As is mentioned in the introduction, the author makes an attempt to collect some specific information from approximation theory and function spaces, by presenting it in a form understandable for specialists working on large scale computational methods for partial differential equations. He presents recent developments in the field of multilevel-multigrid methods and includes an introduction of the wavelet concept.
These notes reflect the present research interests of the author, extended by the idea of other specialists working in the field. They are based on lectures given in 1993 by the author at the Institutes of Mathematics and Informatics at the Technical University of Munich.

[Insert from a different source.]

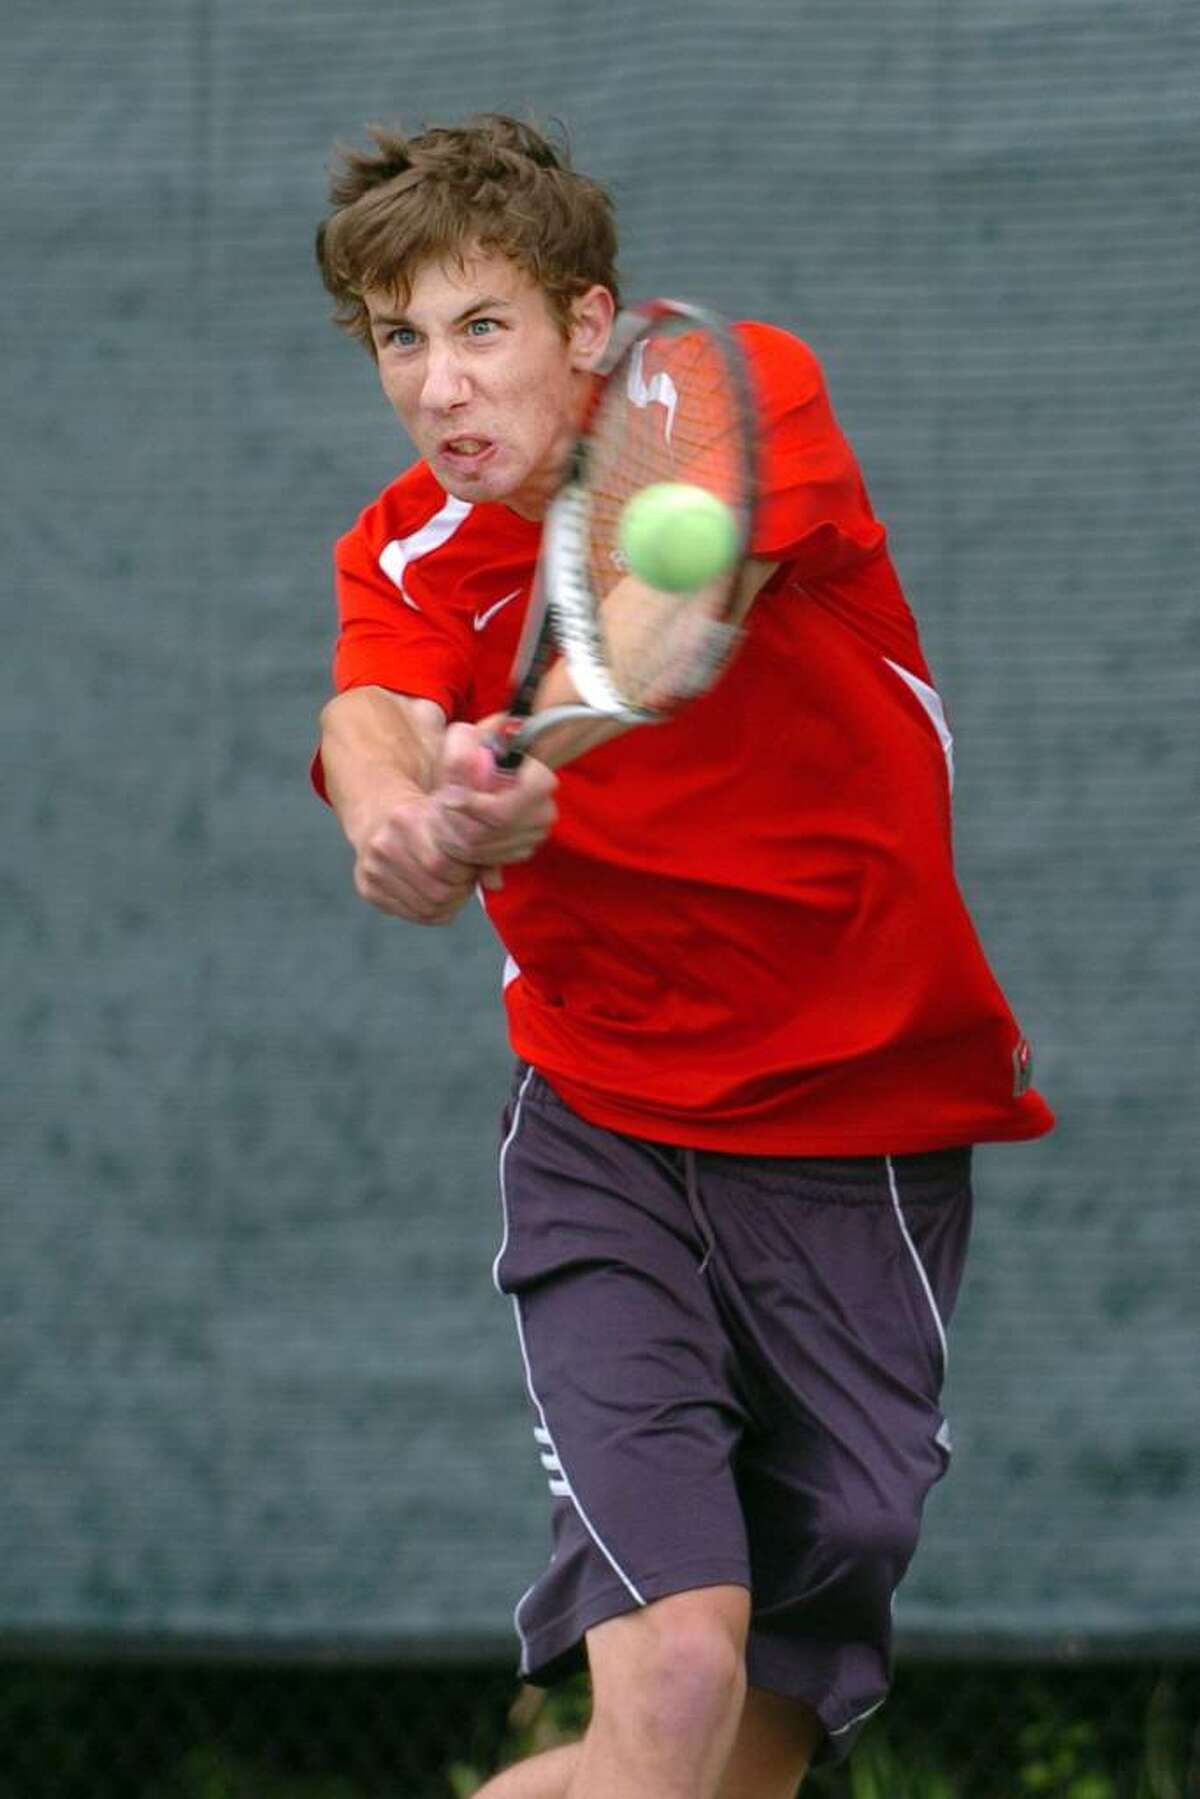 New Canaan's Kevin Budrawich returns the ball to Staples' Cam Marco during their match Tuesday May 11, 2010 in Westport.

The author’s main aim is to survey the approximation-theoretical background of stable splittings of Sobolev spaces with respect to multilevel finite element schemes.
One can say that this book represents a collection of research notes rather than a textbook or a monograph.
The book consists of four chapters. The chapter headings are as follows: (i) Finite element approximation; (ii) Function spaces; (iii) Applications to multilevel methods; (iv) Error estimates and adaptivity. It closes with a bibliography, extended on 20 pages, and a subject index.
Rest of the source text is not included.